→ Dataset content
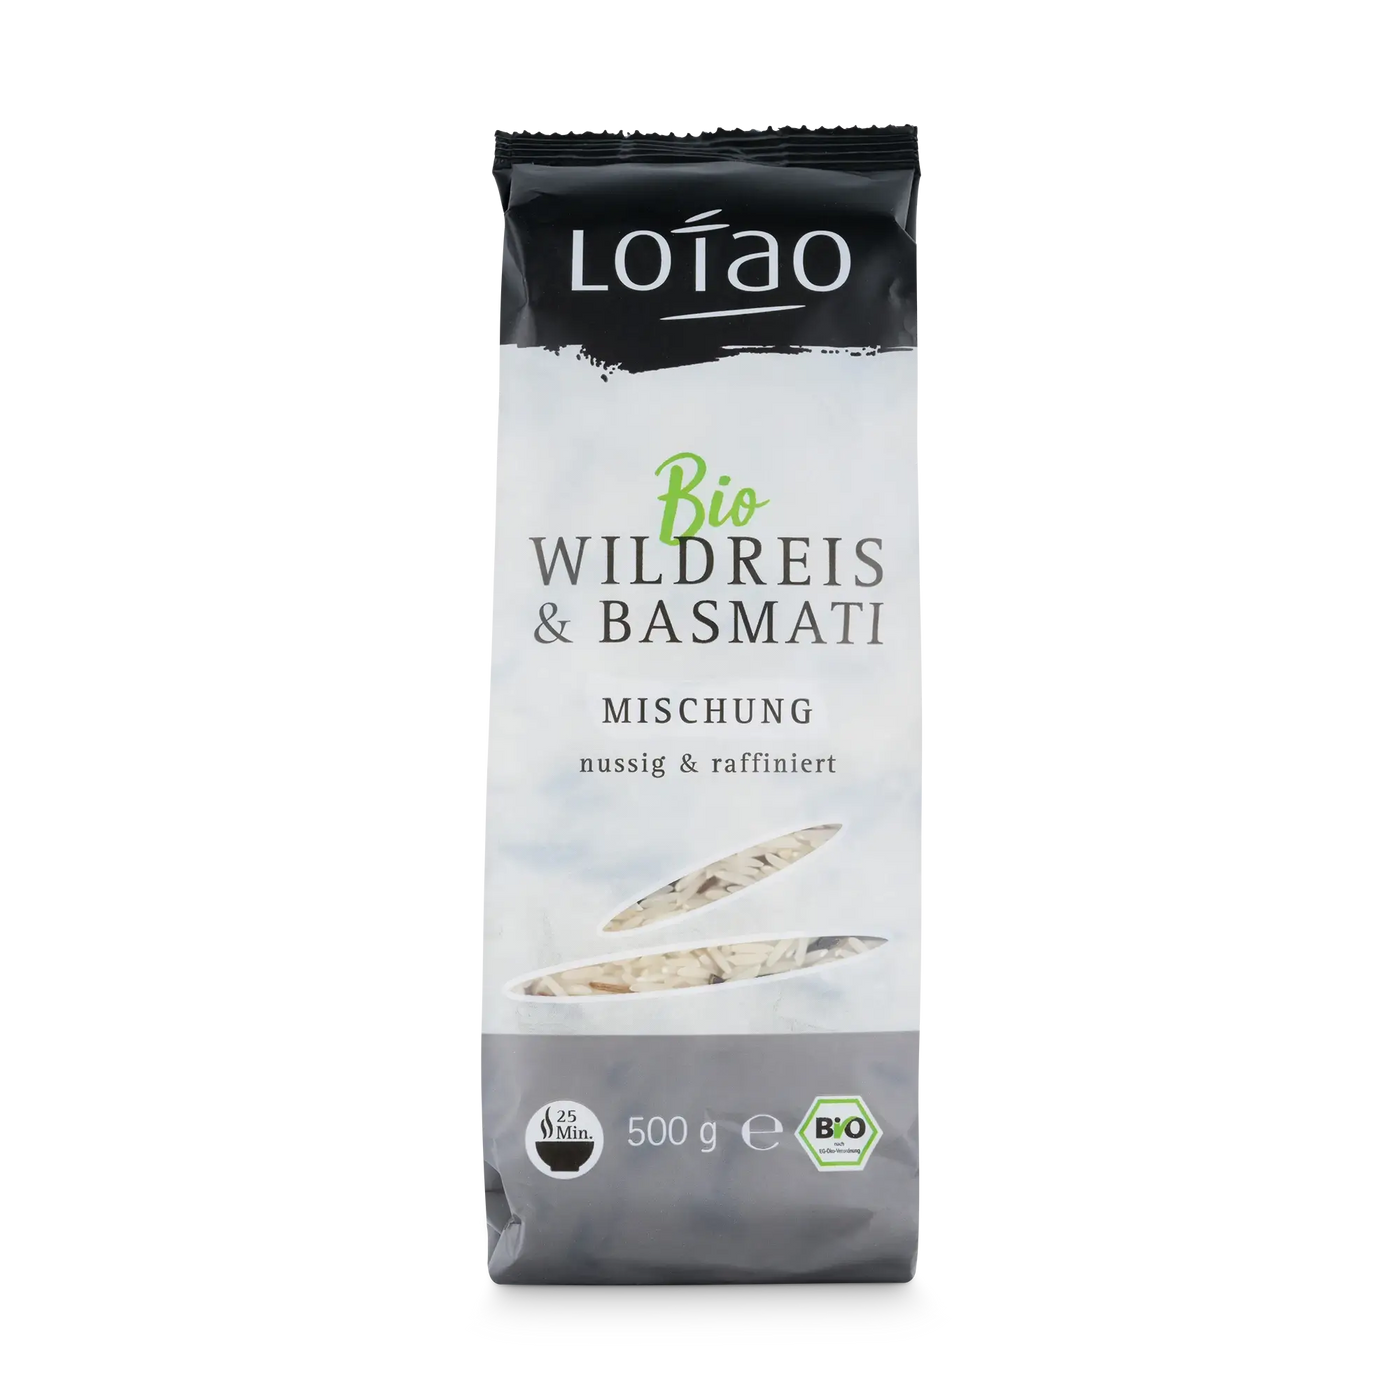 Bio Wildreis Basmati Reis Mischung von Lotao in der 500g Packung
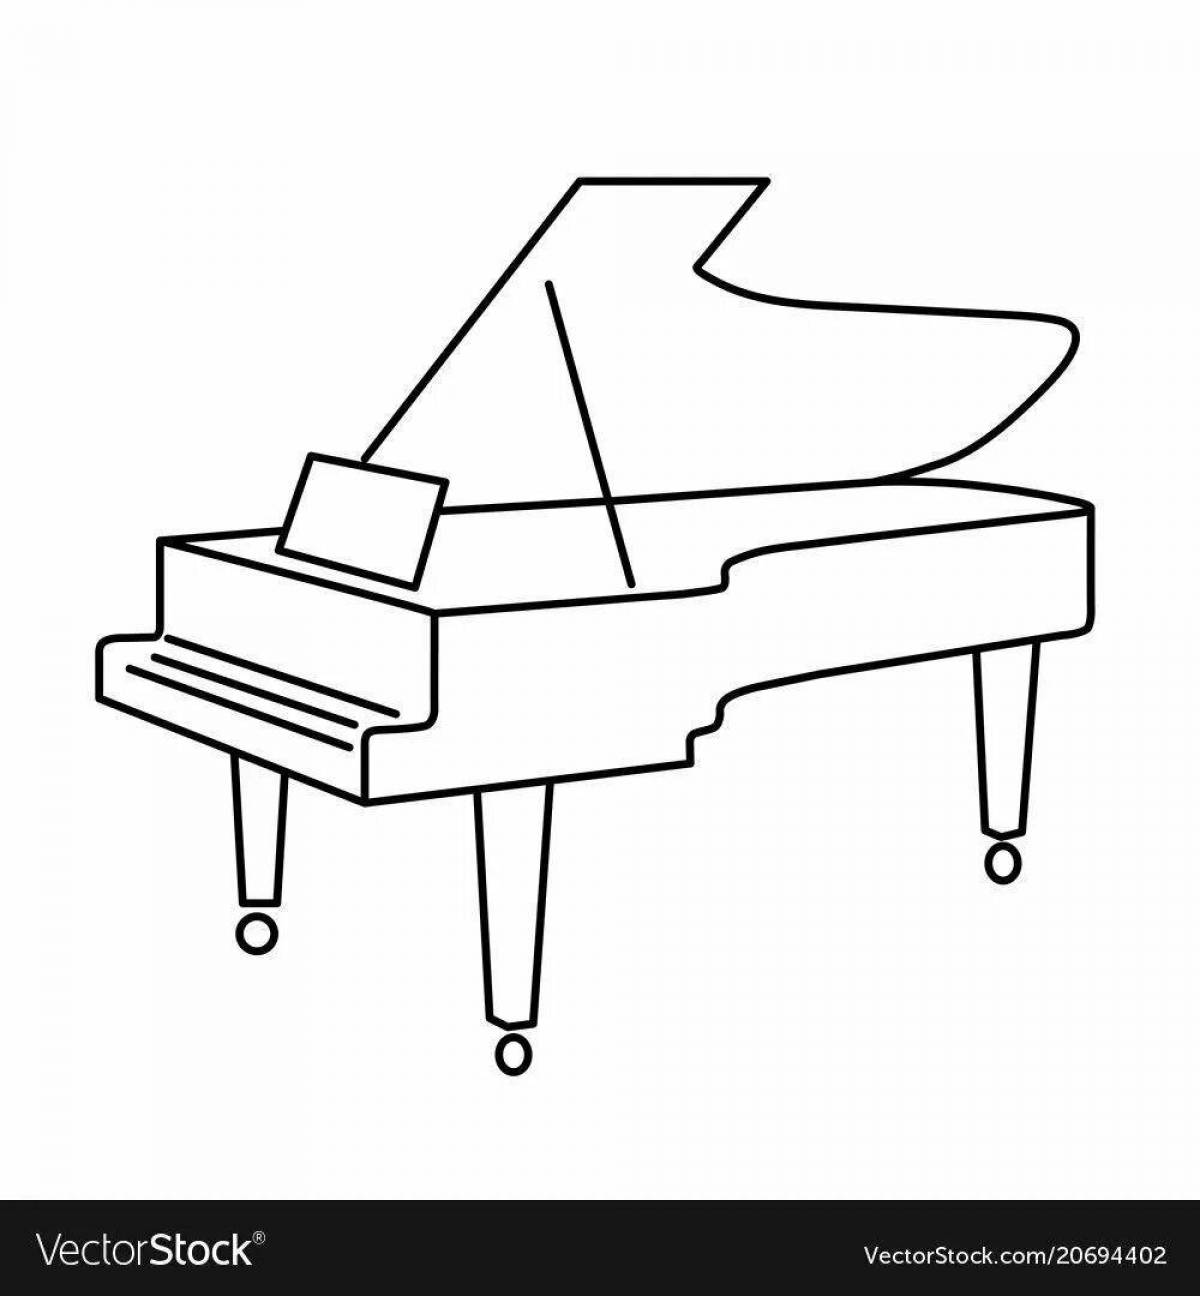 Раскраски фортепиано — бесплатные распечатанные листы для детей
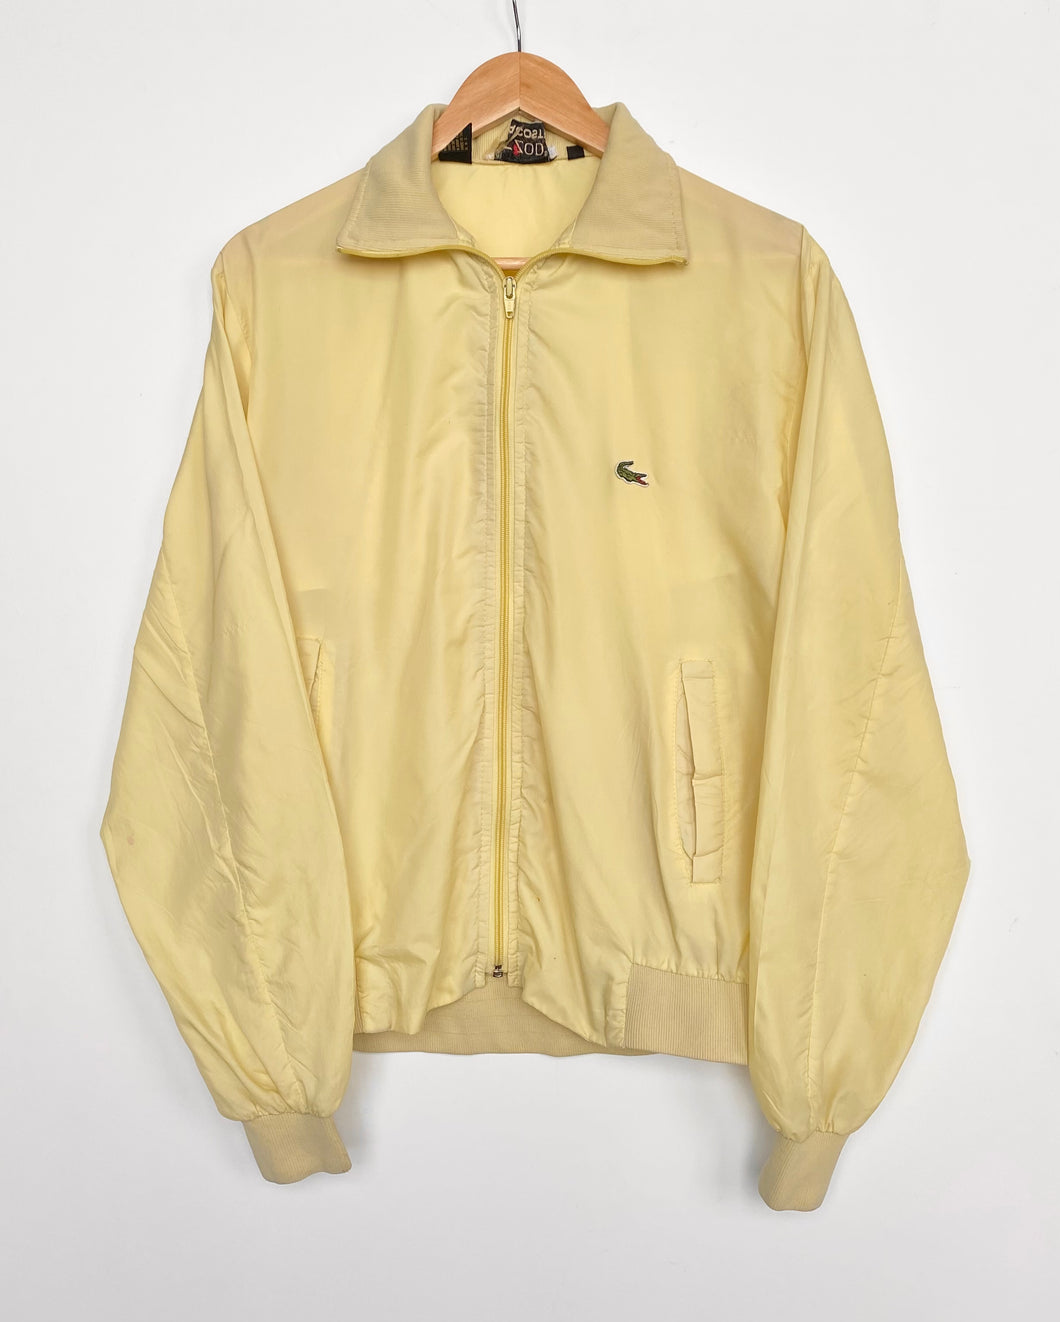 90s Lacoste bomber jacket (M)

→ Exercise requirements
Return each line above word for word. Skip the pictures.

→ Output of the task
 Bio Wildreis Basmati Reis Mischung von Lotao in der 500g Packung
 Раскраски фортепиано — бесплатные распечатанные листы для детей
 90s Lacoste bomber jacket (M)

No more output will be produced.